Ягба бодрым шагом отправился к лагерным шатрам под руку с Симран и слоном в хвосте, а Кааса чуть поотстал и потянул за собой друга.

— Ты чего?

— Брат, командир мне не нравится, — тихо сказал воин.

— Не понял. Он же доволен, как слон, что тут плохого?

— Он себя забросил. Толстеть стал, не видишь?

— Ну… — удивлённо протянул Берхан, — что-то есть, да.

— Он расслабился. Духом. Это плохо.

— Чем плохо?

— Трудно сказать, я чую.

— Опять твоя оромская магия? — несмотря на шутливые слова, в голосе высокого мечника звучало настоящее беспокойство. Чутьём друга он не пренебрегал никогда.

— Да, — ответил Кааса, — я останусь в Хайке, так что Ягба на тебе.

— И что мне с ним делать?

— Гонять. Учи его драться, видеть саванну, что угодно. Заставляй его думать.

— Так он меня и послушает. Скорее Ягба меня построит, чем я его, — боец недовольно скривился.

— Послушает. Я поговорю с Симран, она поможет.

— Симран мне?

— Да. Она его любит, значит, поможет.

— Эй, что вы там застряли? — спереди донёсся голос обсуждаемого принца.

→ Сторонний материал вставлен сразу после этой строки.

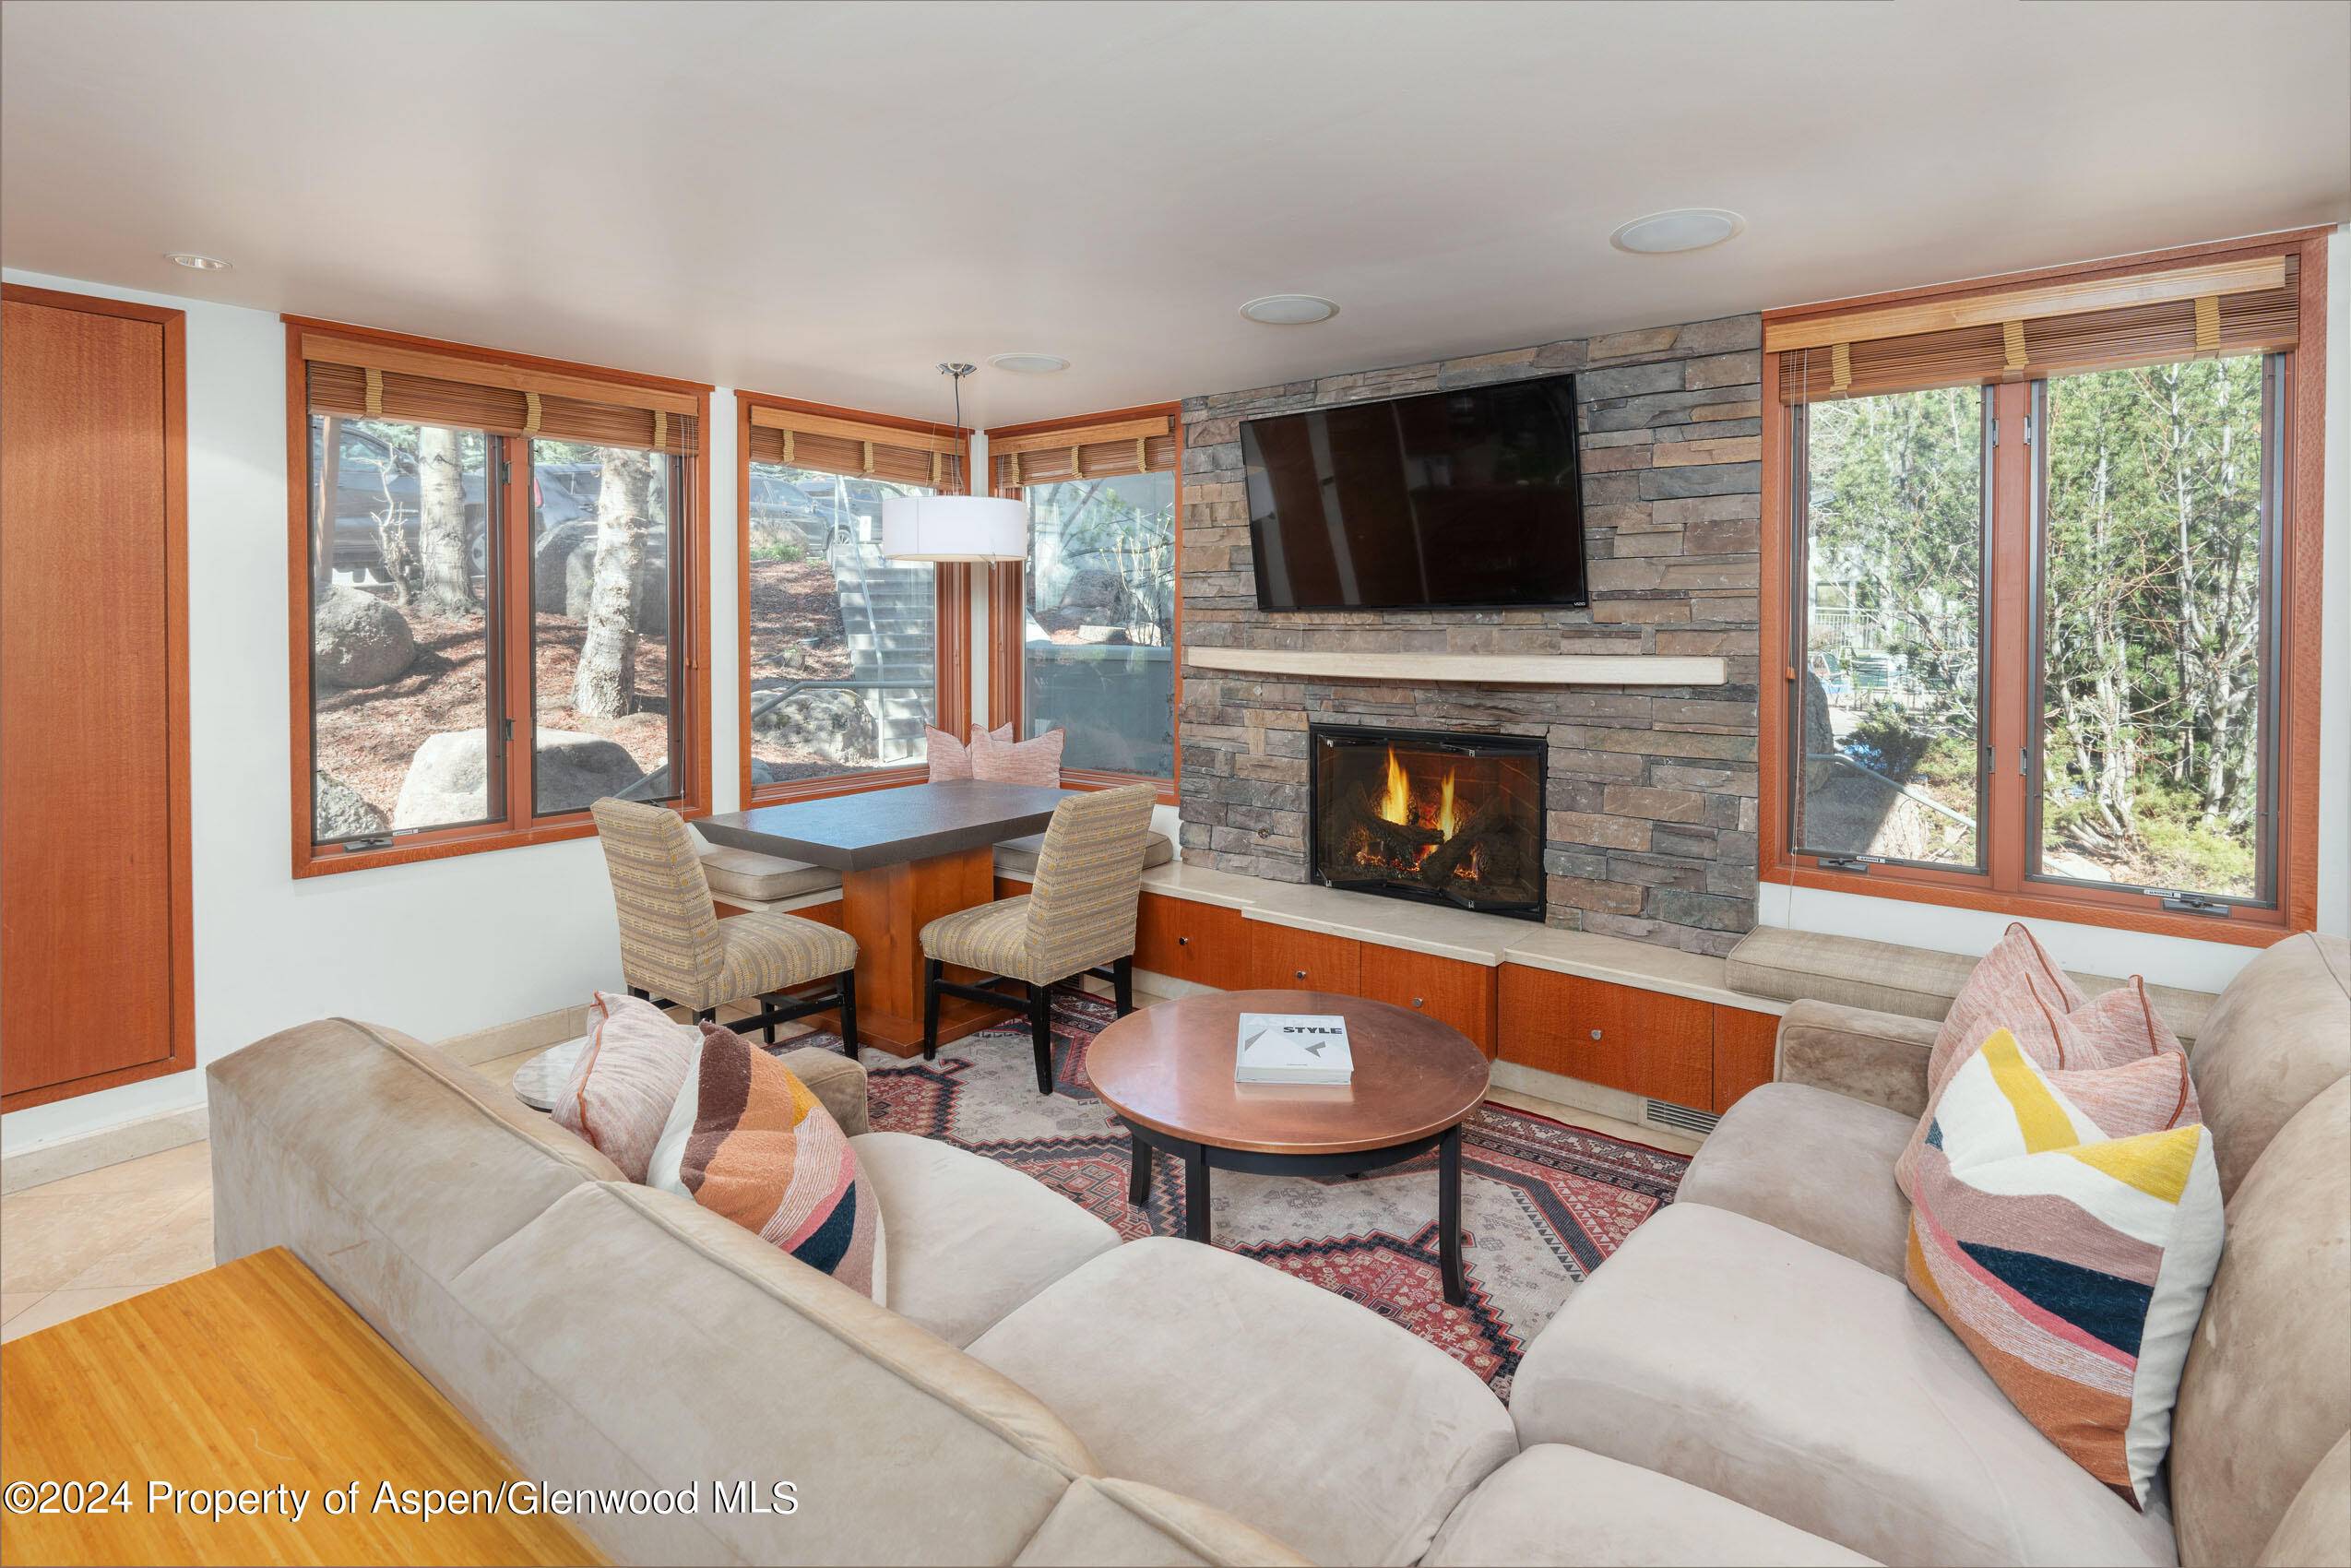 Located just steps away from the Tree House and Snowmass Base Village Plaza, this fully furnished Tamarack unit is turn key ready !

— Идём, — крикнул в ответ Берхан и тихо добавил другу: — Я тебя понял.

* * *
От очага по комнате разливался аромат кофе. Не смотря на то, что она не родилась амхара или тиграй, Агитуу знала толк в национальном напитке Эфиопии. Джебена уже успела вскипеть и сейчас доходила во второй раз. Гости шевелили ноздрями в предвкушении "аболя", первого кофейного благословения. Женщина была рада видеть гостей — после замужества дочери дом опустел, а прошлогодняя пристройка (приходилось соответствовать, раз уж сам принц в гости повадился) только лишний раз напоминала о том, что они с Бертой остались вдвоём. И, конечно, присутствовала толика тщеславия, как же — главнейшие люди деревни собрались у неё дома. Вот Тамар. Очень уважаемый монах, учёный муж и глава ордена Соломона. Он заведует алхимическими мануфактурами принца, а до этого преподавал в монастырской школе. Зенабу Аксумец — мастер строитель и тиграй. Его стараниями, дома в Хайке растут, как грибы после дождя. А ещё речка Анчерка обрела берега из чудесного камня-бетона и крутит теперь колёса. Зенабу Таджурский — тоже тиграй, но приехавший из Джибути. Он — мастер стеклодув. Из его пышущей жаром мануфактуры выходит множество диковин. Братья Дахнай и Архет — мастера портной и скорняк. И муж Агитуу, Берта-кузнец. Его бронза везде — и в броне воинов принца, и на кухне, и на полях. Все они — мастера ордена Бляхоносцев. Кроме Тамара — он монах, но власти у него даже поболее будет.

Такие посиделки случались регулярно. Начались они с вечерних "лекций" принца, но продолжились и в его отсутствие, и стали традицией — мастера собирались на вечернюю кофейную церемонию и обсуждали дела насущные. В последнее время они всё чаще избирали для этого дом кузнеца.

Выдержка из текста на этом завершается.